Study of NG-641 in Combination With Nivolumab in Metastatic or Advanced Epithelial Tumours

Phase 1

Completed

• Conditions: Metastatic Cancer; Epithelial Tumor
• Interventions: Biological: NG-641 in combination with Nivolumab

• Registration Number: NCT05043714
• Lead Sponsor: Akamis Bio

Brief Summary

This is a phase 1a/1b, multicentre, open-label, non-randomized study of NG-641 in combination with nivolumab (or standard of care PD-1 inhibition) in patients with metastatic or advanced epithelial tumours.

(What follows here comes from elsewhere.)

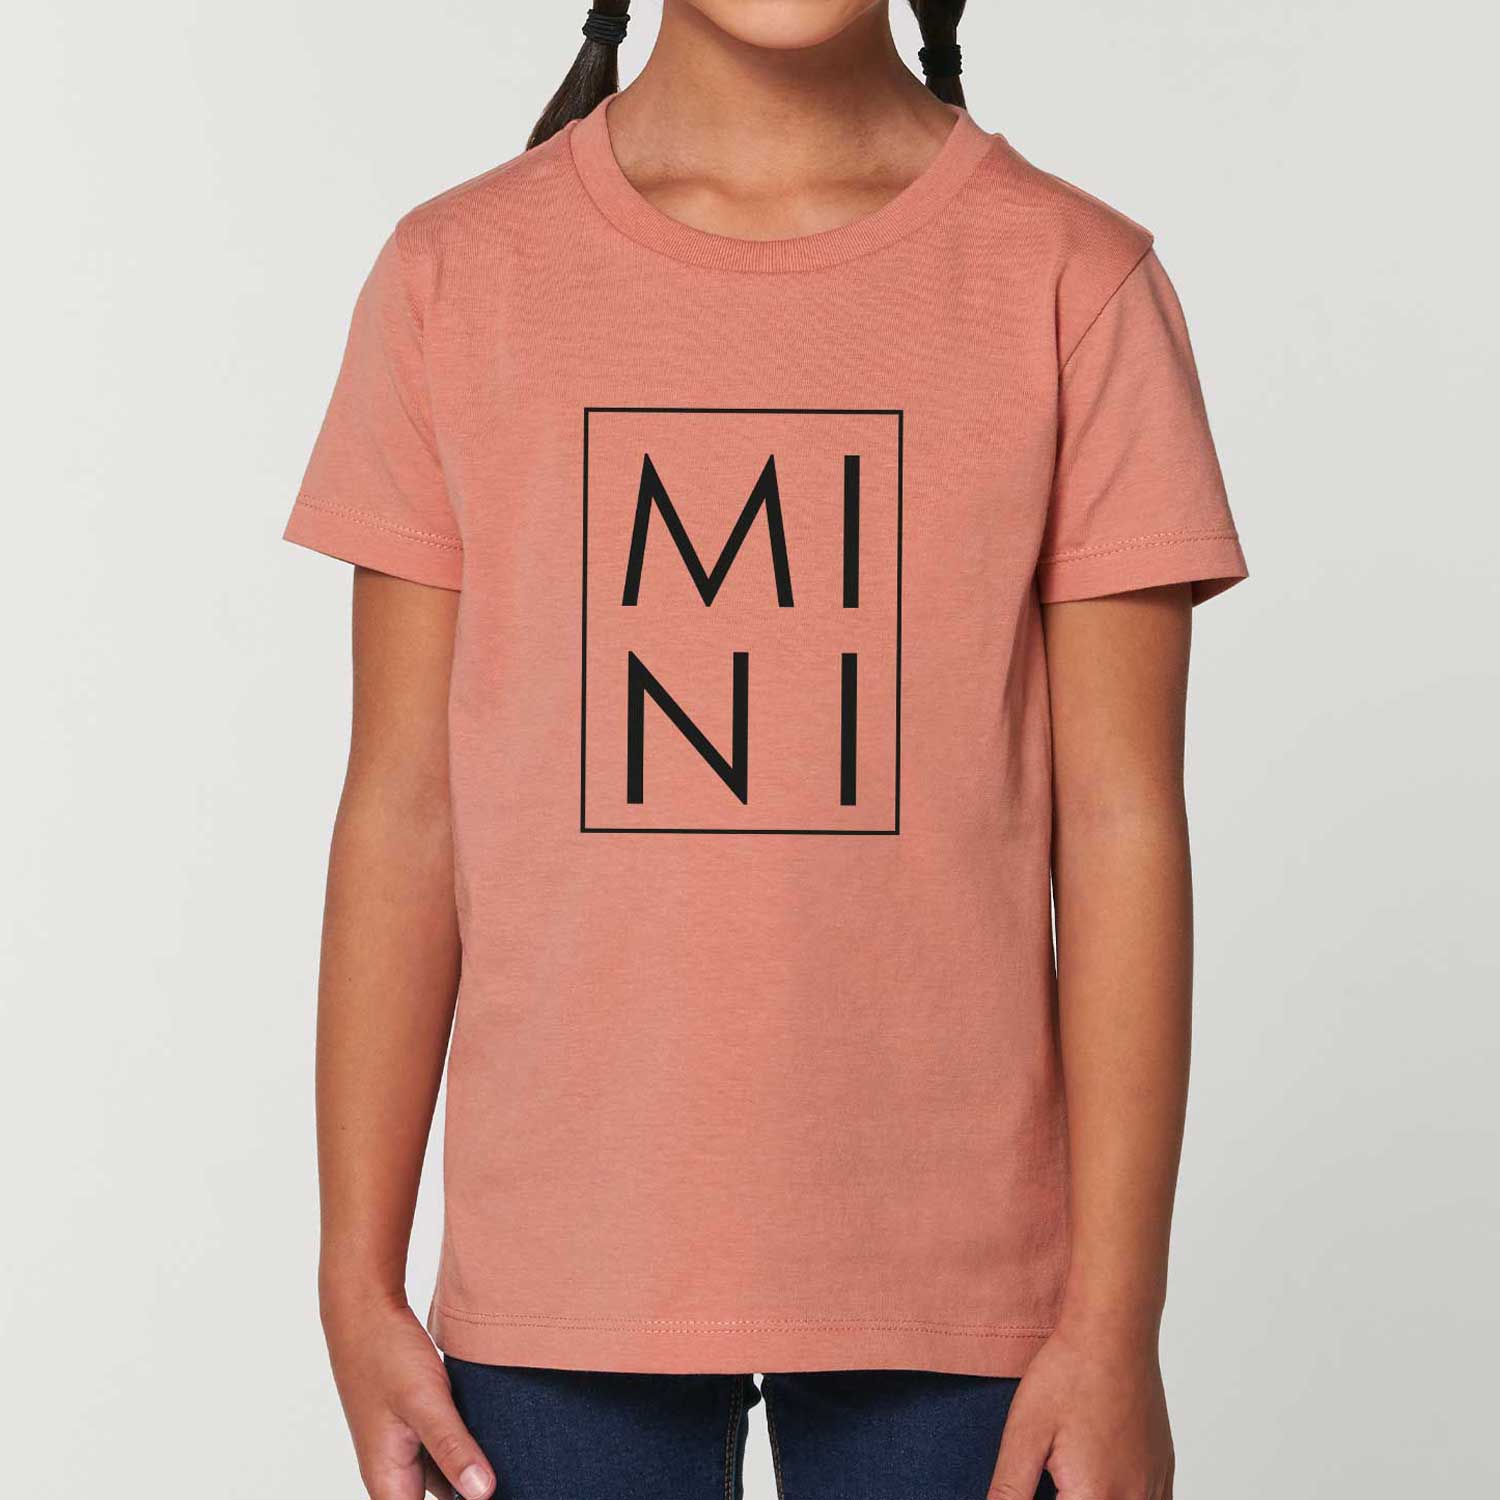 Kids T-Shirt - MINI

The purpose is to characterize the safety and tolerability of NG-641 in combination with nivolumab in patients with metastatic or advanced epithelial tumours and to determine the recommended dose of NG-641 in combination with nivolumab for further development in patients with metastatic or advanced epithelial tumours

Detailed Description

The Phase 1a part of the study is a dose escalation phase and is composed of two parts: Part A, which is investigating NG-641 administration (single cycle) by intravenous (IV) infusion in combination with up to 8 cycles of nivolumab; and Part B, which is investigating multicycle NG-641 administration (up to 8 cycles) by IV infusion in combination with up to 8 cycles of nivolumab. Both parts will include patients with metastatic or advanced tumours. Part B will open once a recommended starting dose of NG-641 is identified from the single-cycle dose escalation. Dose escalation in Part A may continue in parallel once Part B has opened.

The Phase 1b part of the study will further investigate the efficacy and safety of the selected dose regimen in up to three of the tumour types evaluated in phase 1b (tumour-specific Dose Expansion Cohorts A, B and C). A Simon 2-stage design will be used, with sample size calculations and futility criteria specific to each individual expansion cohort. Patients enrolled in Cohort A will have recurrent or metastatic squamous cell carcinoma of the head and neck (SCCHN) that is considered incurable by local therapies and has been recently treated with a first-line platinum-based chemotherapy regimen or platinum-based chemotherapy plus pembrolizumab.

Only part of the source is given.